The interminable Super Bowl preshow will start at 10 a.m. PST on NBC, the actual unwatchable game will kick off at 3:30 p.m., which means THE JUSTIN TIMBERLAKE MORE-TOLERABLE-THAN-FOOTBALL HALFTIME SHOW (brought to you by Chronic Traumatic Encephalopathy [brain damage] and Funyuns) will begin at roughly 5 p.m., give or take a few minutes.

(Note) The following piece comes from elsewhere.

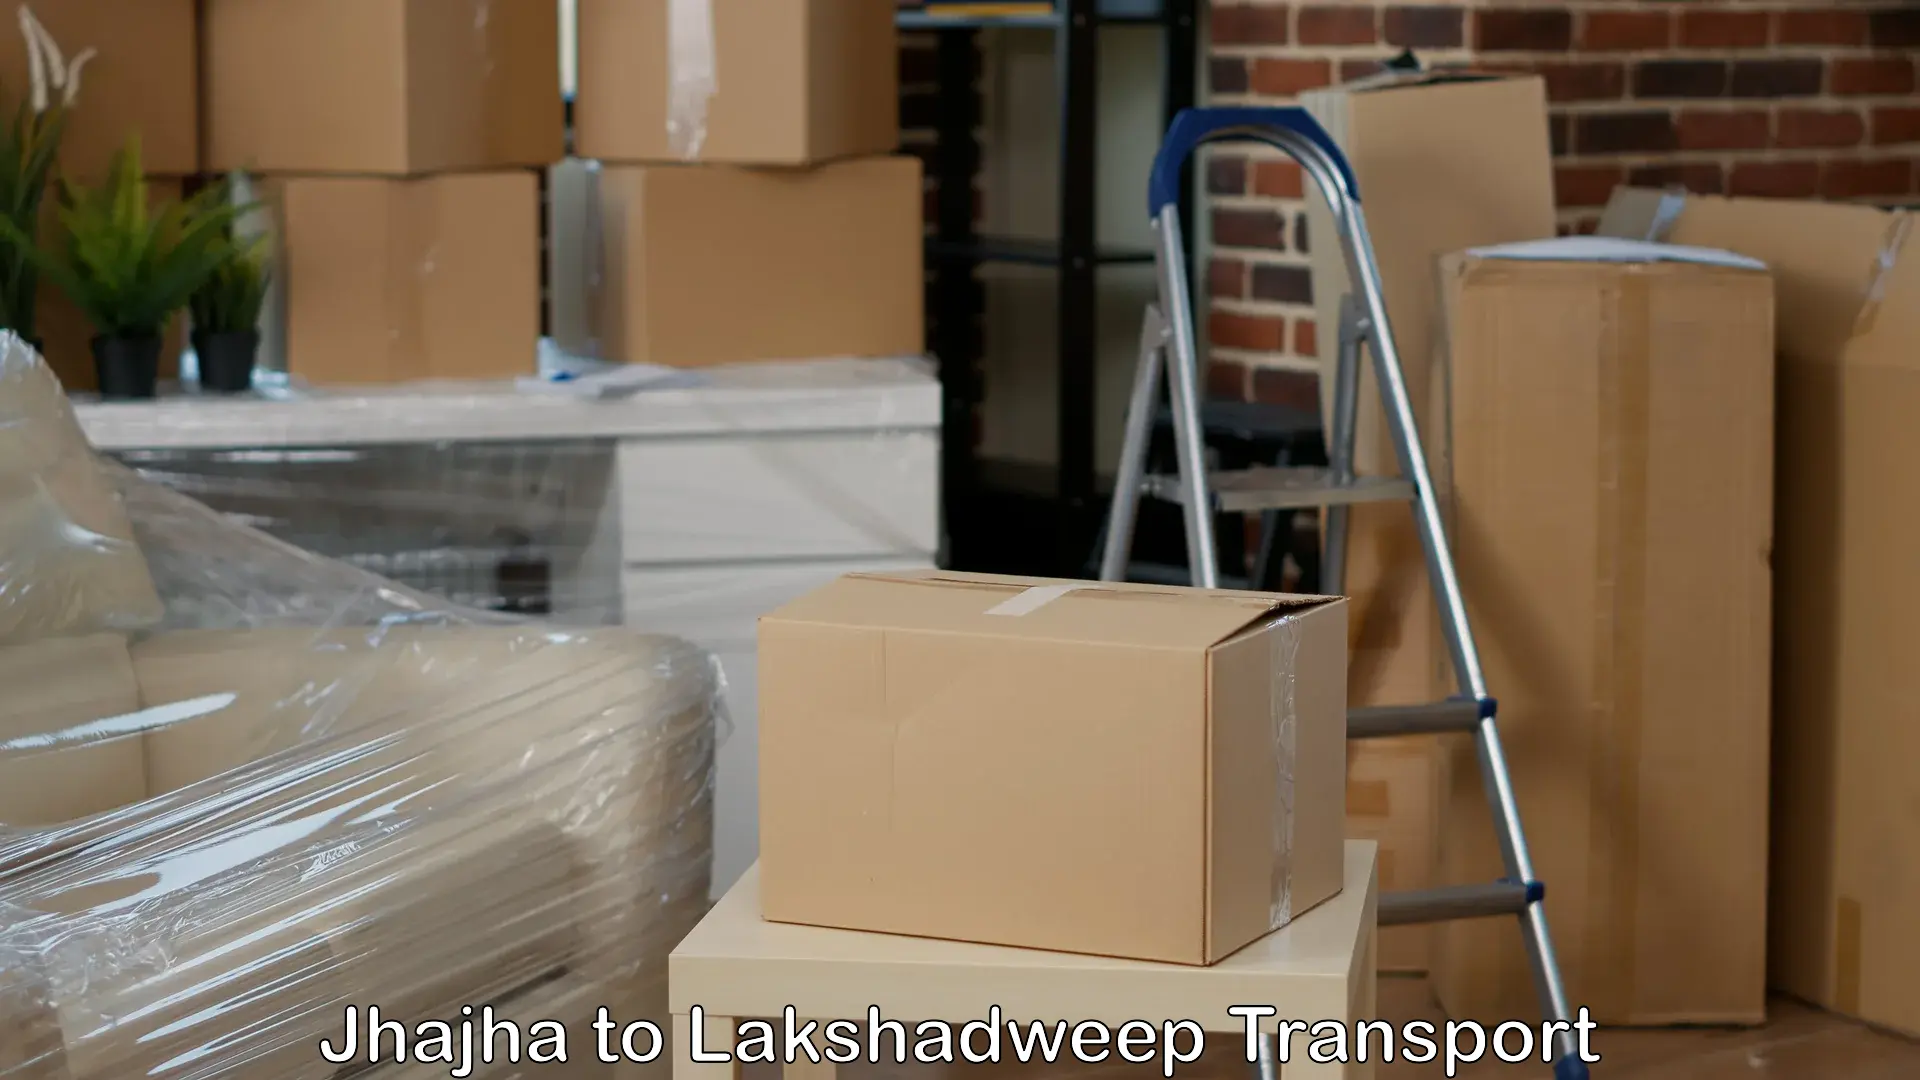 Shipping partner Jhajha to Lakshadweep

OH, AND ONE MORE THING: While I have been a JT fan longer than almost all of you (not a insult, just an indisputable fact), I am not a slobbering toady, because while Justin may be a fantastic performer, he has also been guilty of some problematic public behavior. And let us never forget that following his first Super Bowl performance, he kinda treated Janet Jackson like shit—and got away with it. Because white dudes usually do. Ann Romano, at our sister paper the Portland Mercury, said it best in this week's One Day at a Time :
According to Us magazine, Janet Jackson will not—repeat, not—perform at this year’s Super Bowl halftime show with Justin Timberlake. Why? Because the last time, IT DIDN’T GO WELL. As you probably recall, Justin exposed Janet’s breast on national TV and everybody freaked the fuck out. (Because... EEEEEE! A BREAST!!) Janet’s career never fully recovered from the incident, as she was blacklisted from MTV, VH1, and radio; harassed by the FCC; and slut-shamed by conservatives and the religious right. But shockingly, Justin’s career was just fine! After refusing to stand up for Janet, Justin went on to become one of the top pop artists in the world, and was enthusiastically invited back to this year’s Super Bowl. Soooo... surprise! Janet won’t be there! (Because who wants to get thrown under the bus twice?)
Just something to chew on while watching Justin's performance. Maybe ladle this information on top of your nachos?